Learn math skills through practice-suitable for learning facts and skills. Learn the general methods of solving problems by solving situations that do have certain characteristics, and use these characteristics to define a real problem-skills suitable for learning how to discover and explore, how to rediscover mathematics and how to learn.
13, the purpose of mathematics learning has changed from mastering "mathematical facts and skills" to mastering "general methods to solve problems", that is, "mathematical thinking", which is a major update of the concept of mathematics education.
14, four levels of understanding mathematics: 1, formal understanding. Logical thinking training should be the basic training in mathematics learning. 2. Understanding at the discovery level; 3. Intuition-concrete understanding; 4. Intuitive understanding.
15, Xiao Pingbangyan: "It is generally believed that mathematics is a science composed of strict logic, even if it is different from logic, it is roughly the same. But actually, mathematics has nothing to do with logic. Mathematics must follow logic, of course, but logic plays the same role in mathematics as grammar does in literature. Writing a grammatical article is completely different from writing a novel according to grammar. Similarly, carrying out correct logical reasoning and piling up logic to form mathematical theory are completely different problems. Mathematics and logic are essentially different.
16. In mathematics, never put the logical carriage in front of the heuristic horse.
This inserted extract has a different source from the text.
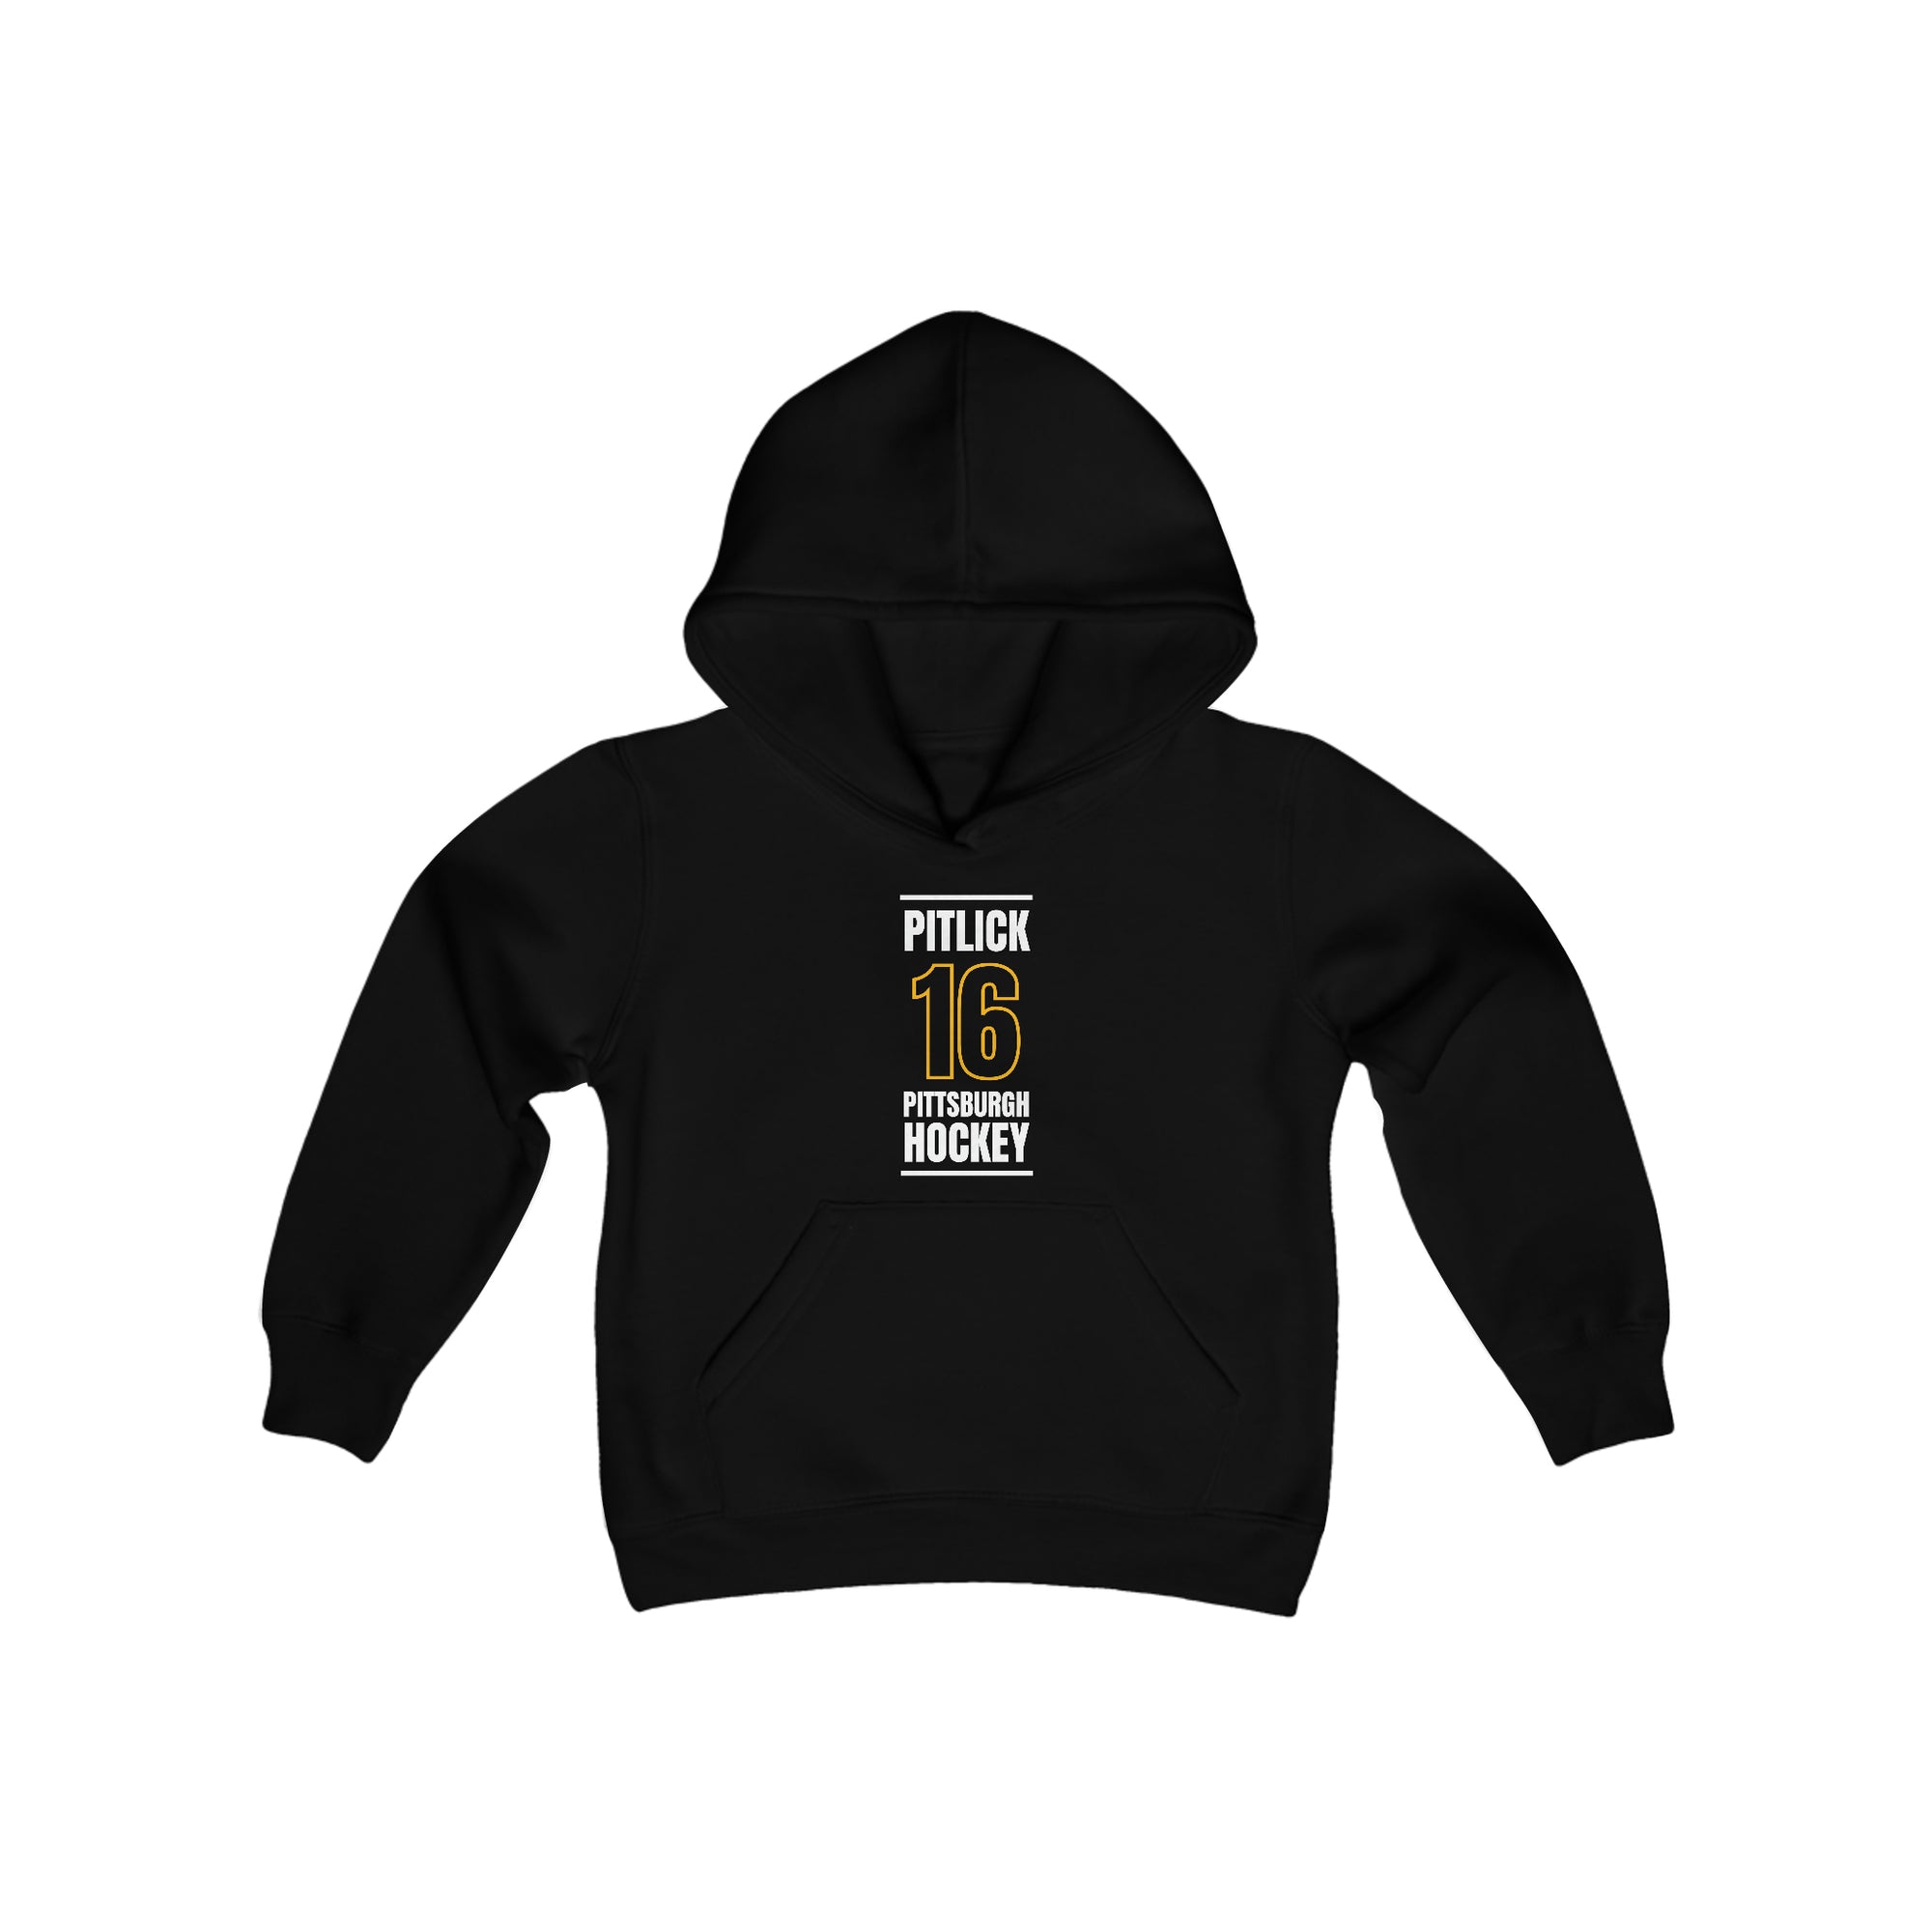 Pitlick 16 Pittsburgh Hockey Black Vertical Design Youth Hooded Sweatshirt
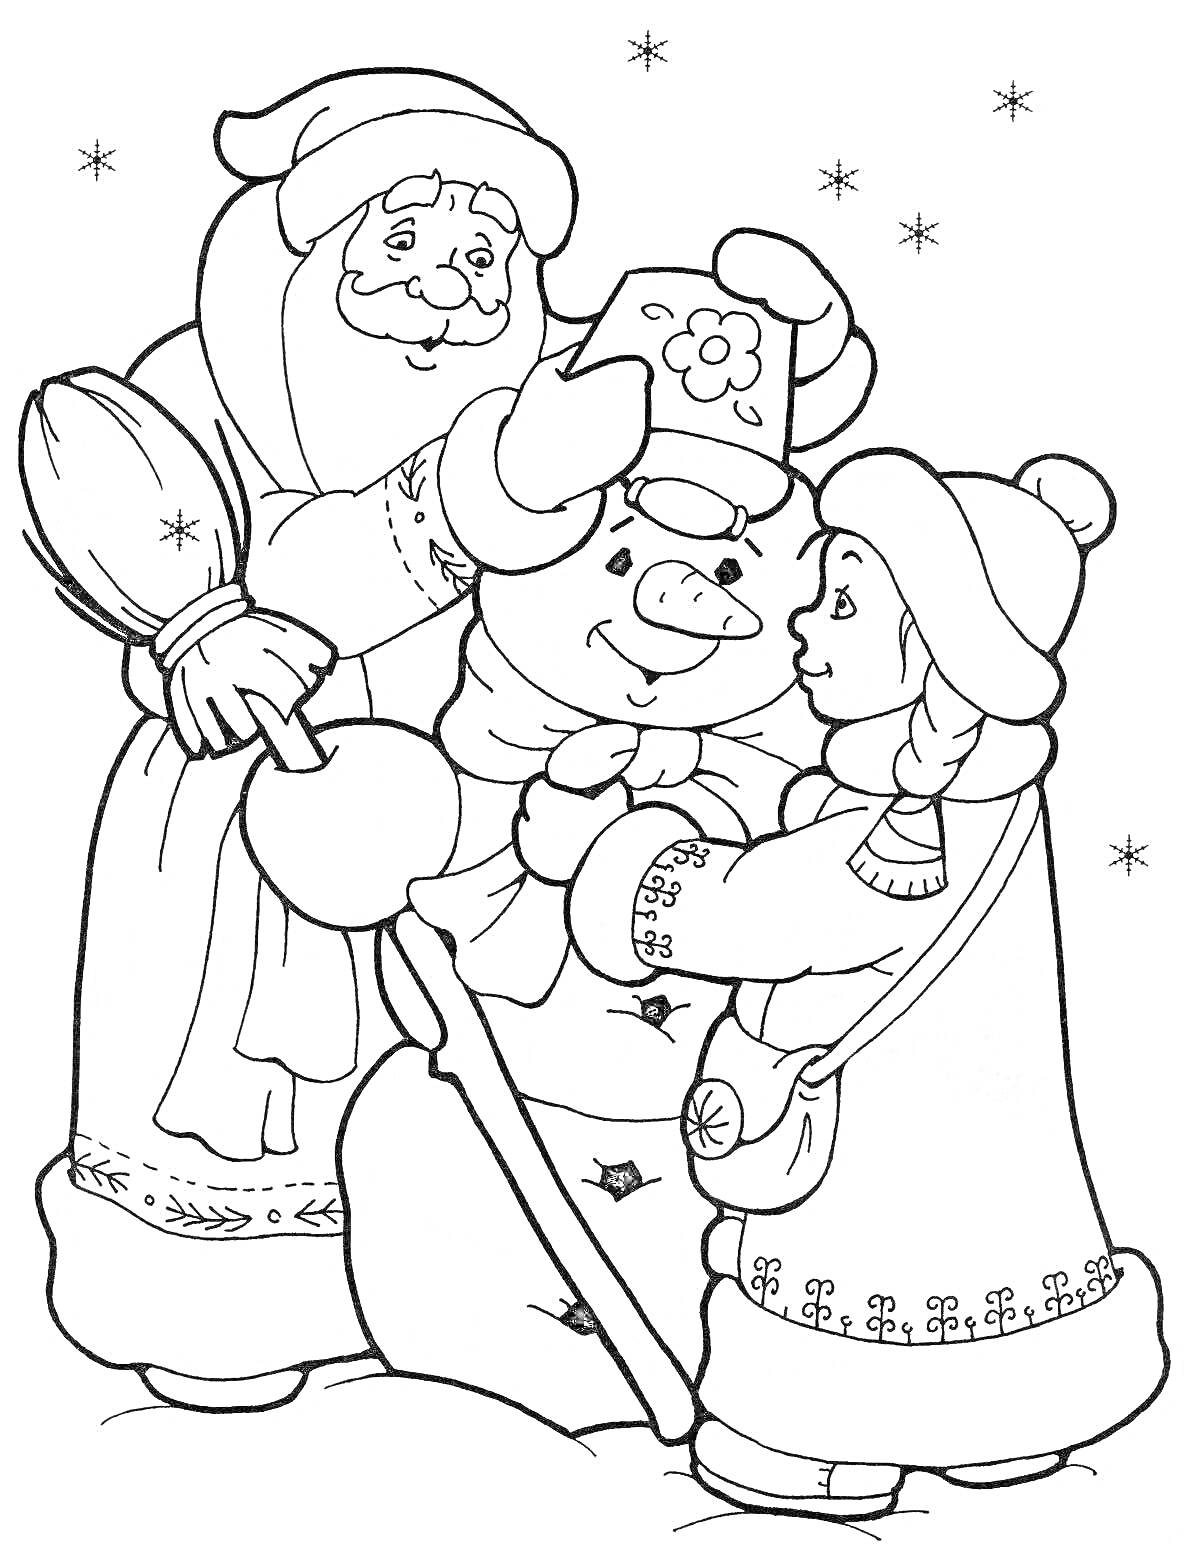 Раскраска Дед Мороз, Снегурочка и снеговик с метлой, снежинки

17, only by knowing how the conclusion was drawn can we really understand the conclusion. Reproducing or experiencing the discovery process is a wonderful way for mathematicians to learn and study mathematics. The best way to learn is to do it-ask questions and solve problems. The best teaching method is to let students ask questions and solve problems, not just impart knowledge-encourage action.
18. Mathematics is very abstract. One aspect of understanding mathematics is to give it intuitive and concrete meaning.
It is wrong to overemphasize the formal structure of mathematics.
20. Abstraction is meaningful only on the basis of solid experience. In addition, after the introduction of abstract concepts, specific problems should be used to illustrate their usefulness.
2 1. The direction of learning modern algebra well is to emphasize several basic concepts, such as symmetry, continuity and linearity.
22. Geometrical intuition is still the most effective way to understand mathematics. Geometric intuition means that abstract things can be described and thought in your mind like painting.
23. The combination of mathematics teaching and people's quality development is the most important purpose of mathematics education.
24. Geometry is a mathematical coincidence, a "symbol of intuitive space to help memory" and a "graphic formula".
What mathematics really wants to do is to solve specific problems. The best way to understand a theory is to find a specific problem, and then study a sample example of this theory, a typical example that can explain everything.